Merkel sagte: "Die terroristische Bedrohung ist eine leider reale Bedrohung in Ägypten, aber auch in Deutschland." Beide Länder könnten die enge Zusammenarbeit im Kampf gegen den internationalen Terrorismus noch vertiefen.

Deutschland und die EU würden sich künftig intensiver für eine politische Lösung der Krise in Ägyptens Nachbarland Libyen einsetzen.
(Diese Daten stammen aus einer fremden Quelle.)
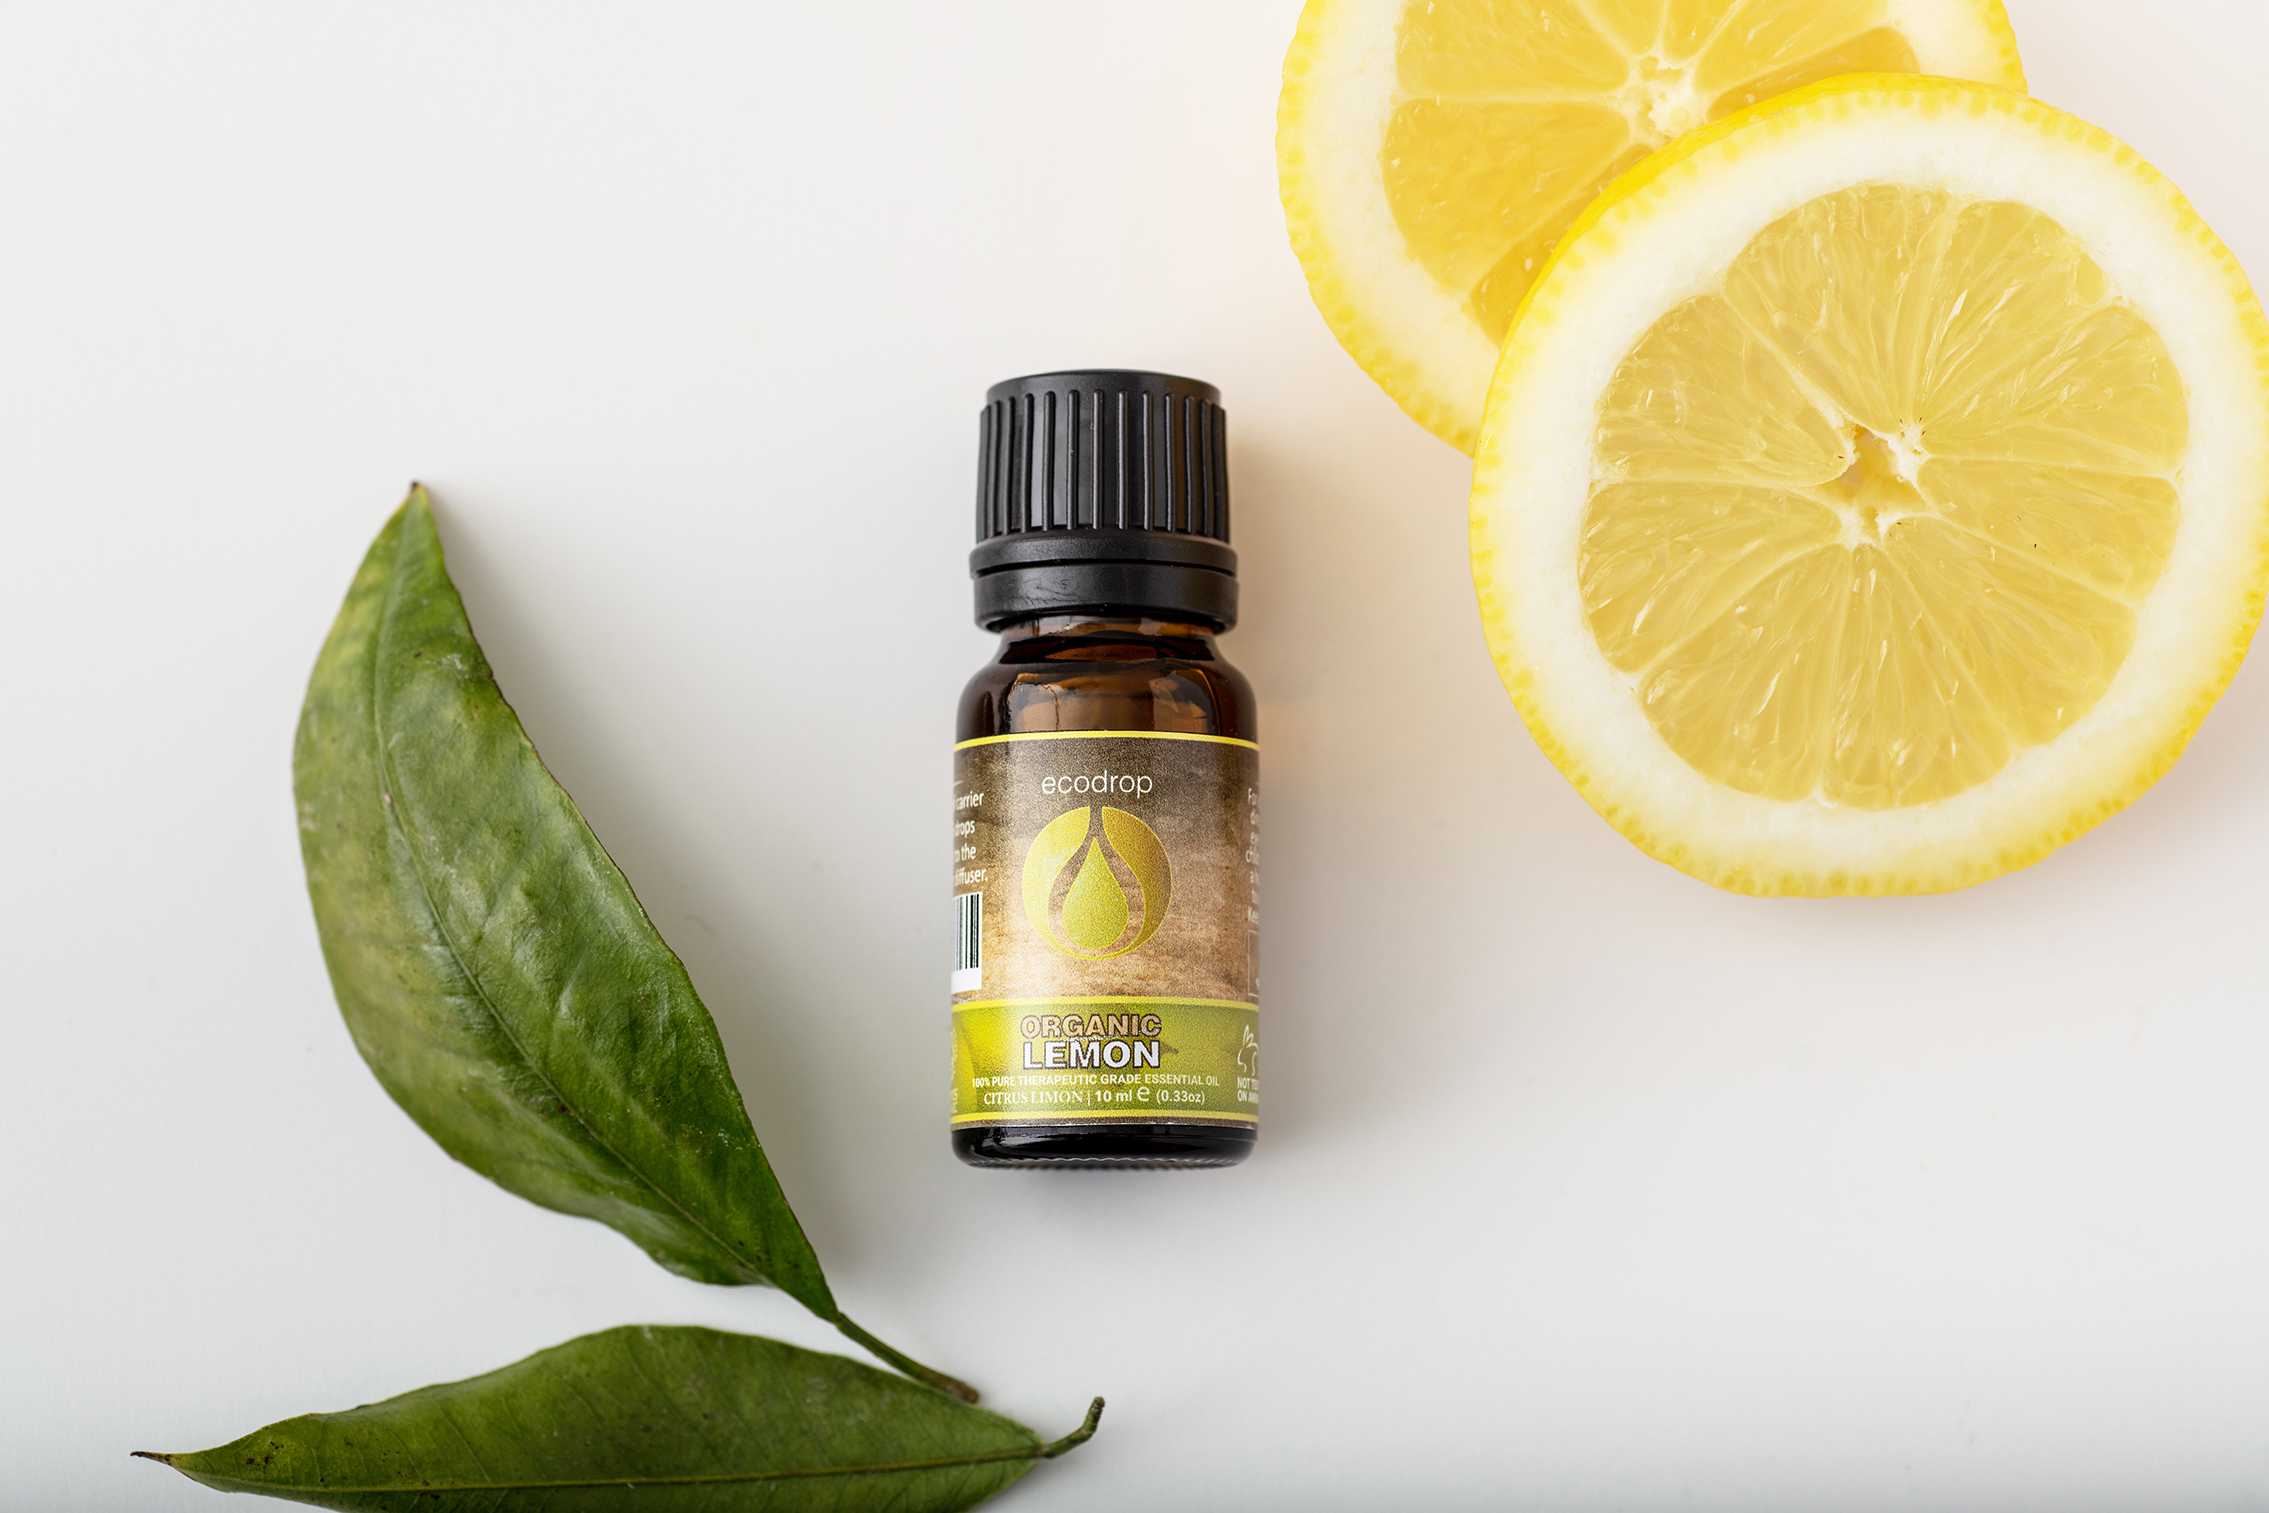 Do citrus essential oils uplift your mood? 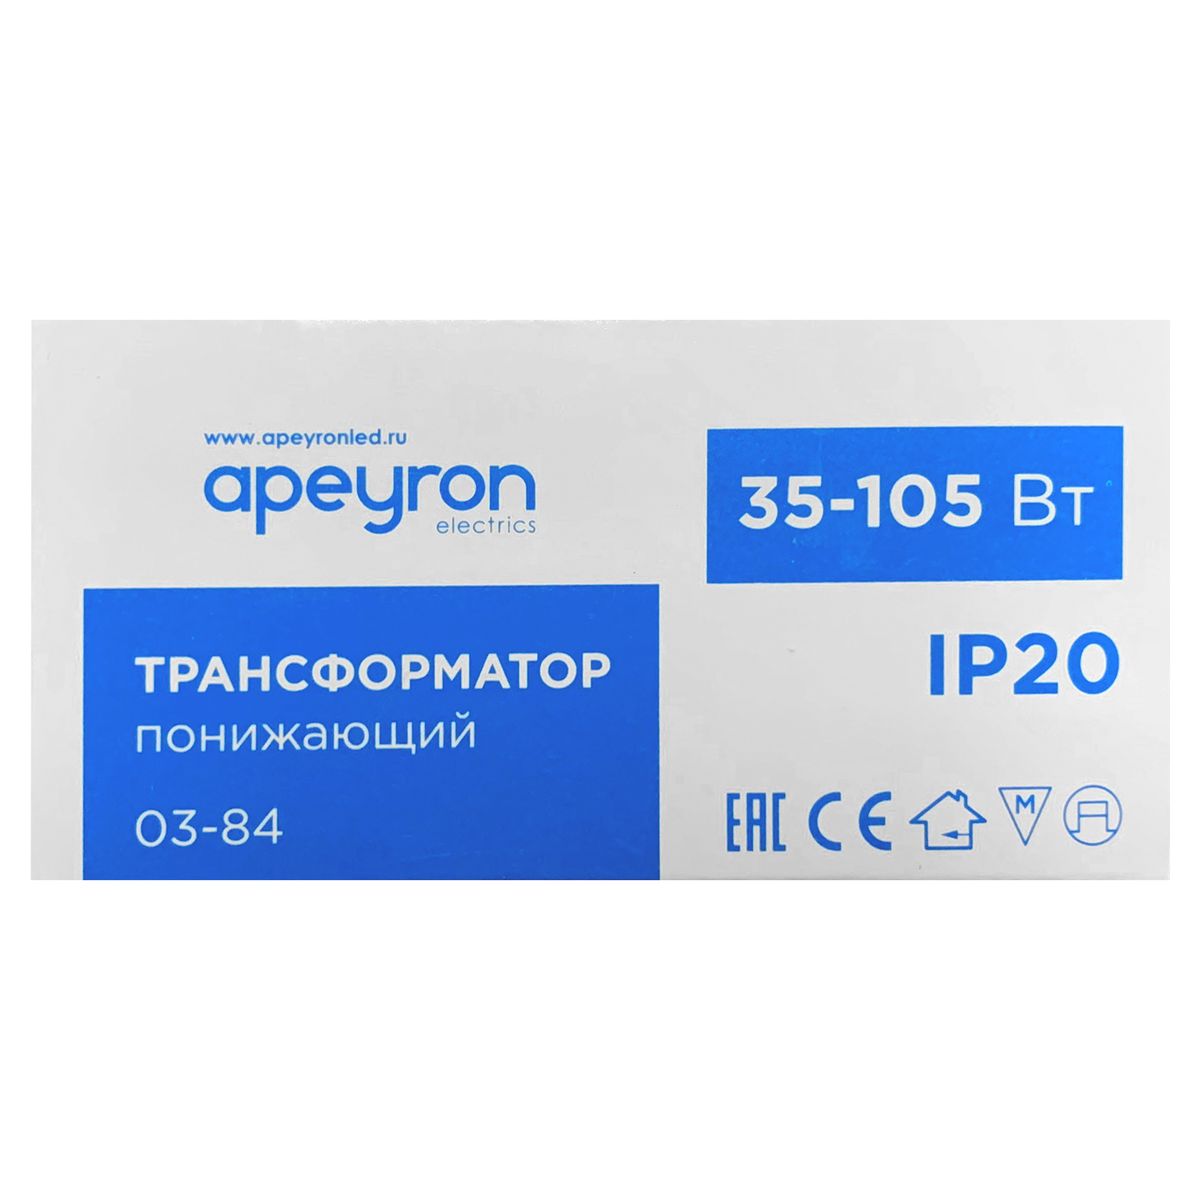 Трансформатор понижающий Apeyron 12В 35-105Вт 03-84

Al-Sisi habe angesichts der Länge der Grenze zu Libyen auf die Probleme mit Terroristen und Migration hingewiesen. "Hier haben wir wieder ein gemeinsames Interesse, das zu unterbinden", sagte Merkel. Bei eine möglichen Zusammenarbeit gehe es vor allem darum, die technische Ausrüstung zur Überwachung der Land- und Seegrenzen Ägyptens zu unterstützen.

Treffen mit Zivilgesellschaft 

Auf Merkels Programm standen auch ein Besuch der Kairoer Markus-Kathedrale und der Kirche Sankt Peter und Paul zusammen mit dem Oberhaupt der koptisch-orthodoxen Kirche, Papst Tawadros II.. Die Kopten sind die größte christliche Glaubensgemeinschaft im Nahen Osten und machen etwa zehn Prozent der 90 Millionen Einwohner Ägyptens aus. Die Minderheit sieht sich immer wieder gewaltsamen Angriffen ausgesetzt. Anschließend sprach die Kanzlerin mit dem Großscheich der Al-Azahar-Moschee, Ahmed al-Tajib, einem der höchsten Geistlichen des sunnitischen Islams, und traf Vertreter der Zivilgesellschaft. Für Freitag wird Merkel in Tunesien erwartet.